Wednesday, 23 January 2013

Day 20: Why you shouldn't have pets unless you REALLY REALLY love them.

Warning. Don't read this post if you have a weak stomach. 

I had an unusual wake-up call yesterday morning.

I slipped in a pile of dog barf. Not even a pile, really.

More like a lake.

And it wasn't really barf - in the traditional sense of the word. More like what happens when one dog eats all of her food, then the rest of the other dog's food, then gorges on water.

It was also all over my pants.

So if you looked in my window this morning and wondered why I was standing with no pants on in the middle of my kitchen, attempting to wash the floor with an empty Swiffer Wet Jet ... now you know.

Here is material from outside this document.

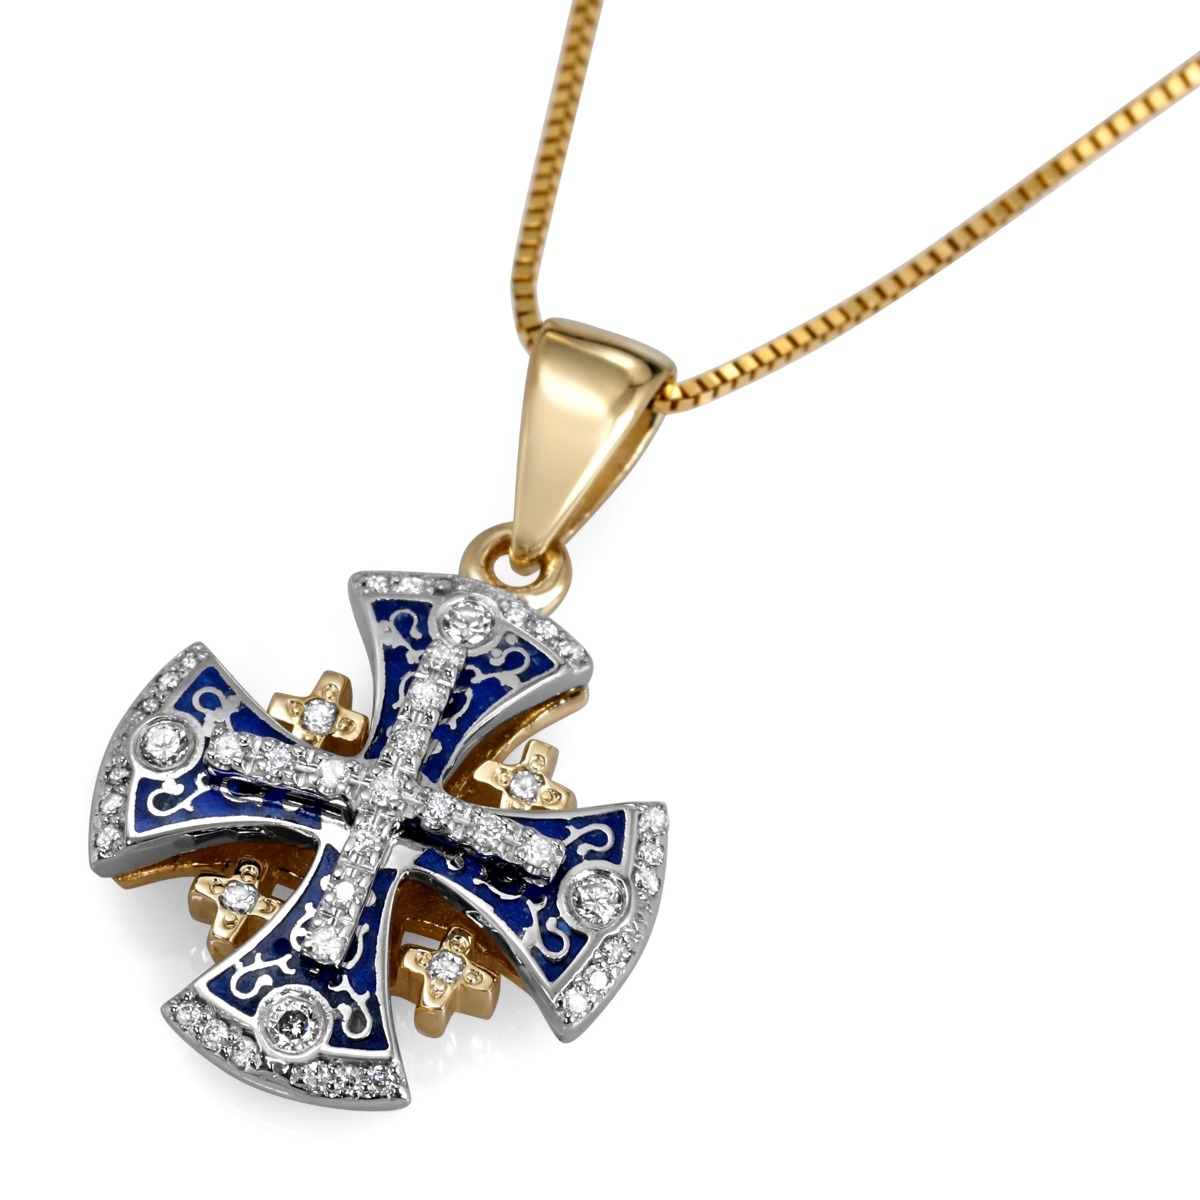 Anbinder Deluxe Two-Tone 14K Gold, Diamond and Enamel Splayed Jerusalem Cross Pendant with Ornate Design and 45 Diamonds - 1

Swiffer Wet jets are designed to run dry the moment you REALLY need them.

I used a towel  instead. This was a good idea ... until I put the towel directly into the washing machine, which was still filled with my just-washed dress clothes waiting to be hung up to dry.

And then it got worse.

I took a shower. This is significant only because Sam immediately loses all control over his bowel movements if no one is visibly present. He's fine if we put him in his crate. But yesterday morning, I forgot.

As soon as I remembered this crucial piece of information, I flung open shower curtain. Sam was lying on the floor just outside the shower. PHEW! I breathed a huge sigh of relief.

And then I smelled it.

CRAP. (In both senses of the word.)

So if you looked in my (open) window this morning and wondered why I was shivering in a wet towel (not the same one), in an attitude of prayer over a small brown mound on a pink carpet ... now you know.

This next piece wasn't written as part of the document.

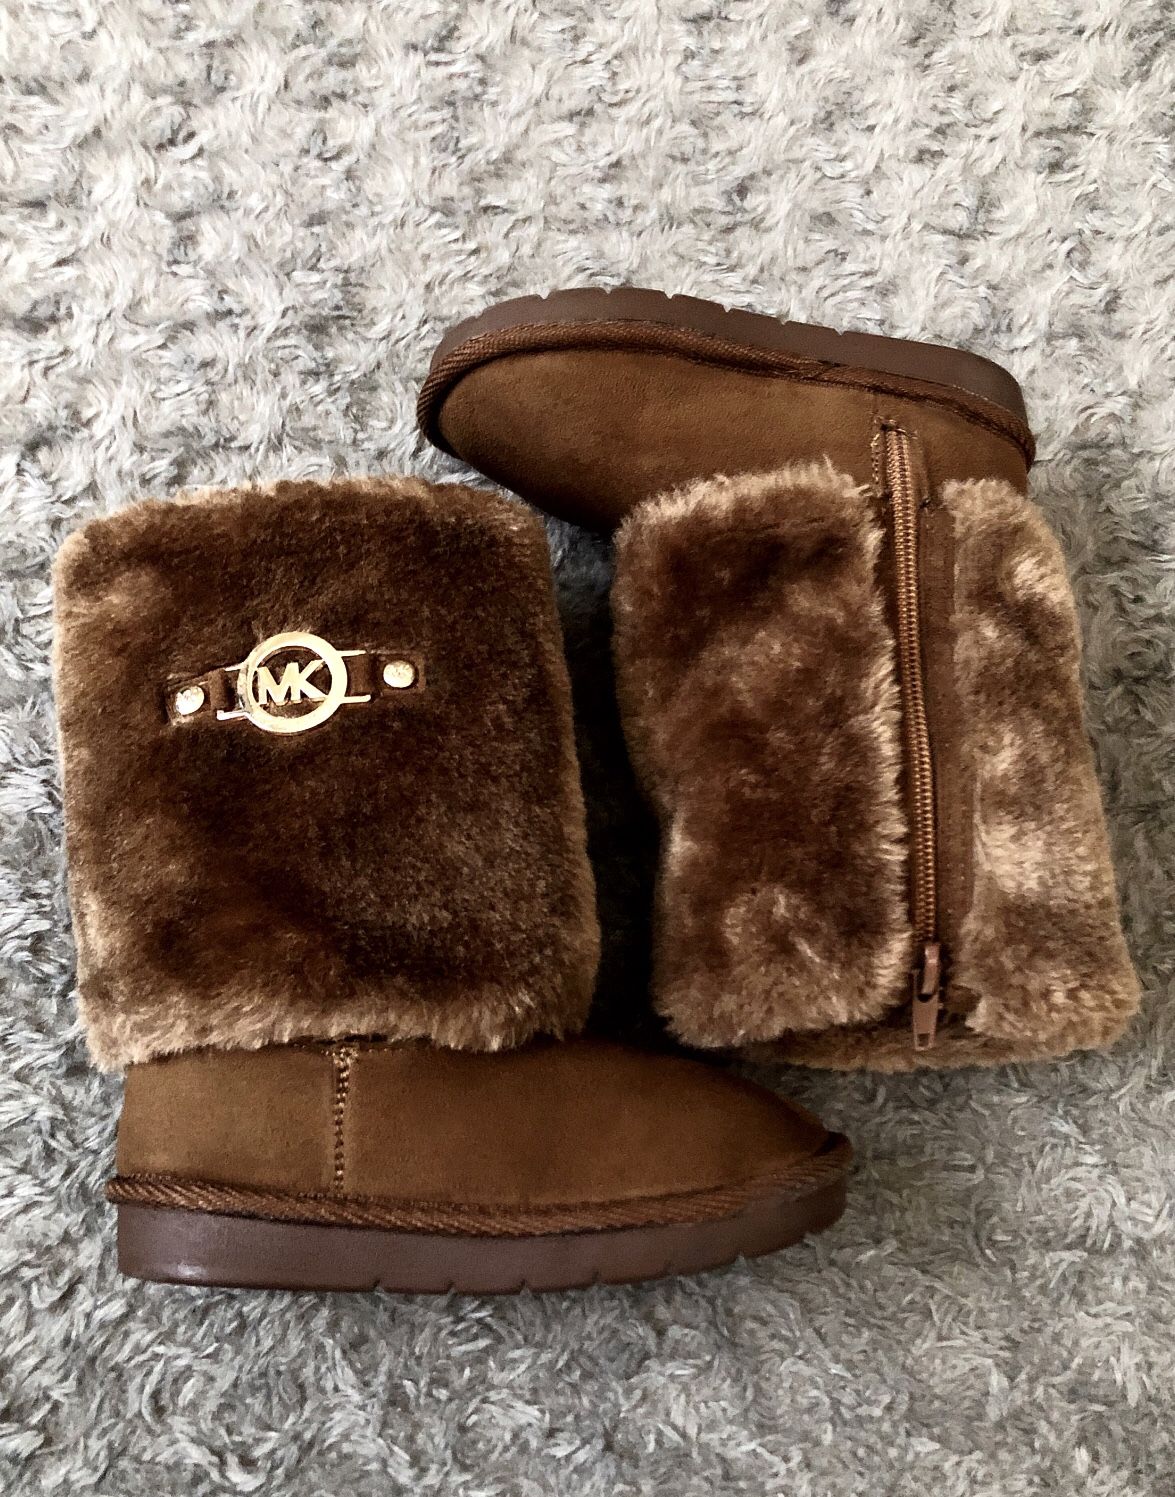 Girls Michael Kors Maybeth Brown fur boots Retail $70 Size 8. Good condition has normal wear! Faux fur side up boots super cozy! The brown suede & fu

At least Sam doesn't have diarrhea anymore.
Or worms. You do NOT want me to tell you my worm stories.
They were still moving when they came out.

As I rushed out the door on my way to work, I remembered ... Tuesday is garbage day!
Do you think that handsome husband of mine remembered to take out the trash?

Yes. Yes he did. There was even room by the curb for one more bag of you-know-what.

Nathan, you are my sanity. What's left of it anyway.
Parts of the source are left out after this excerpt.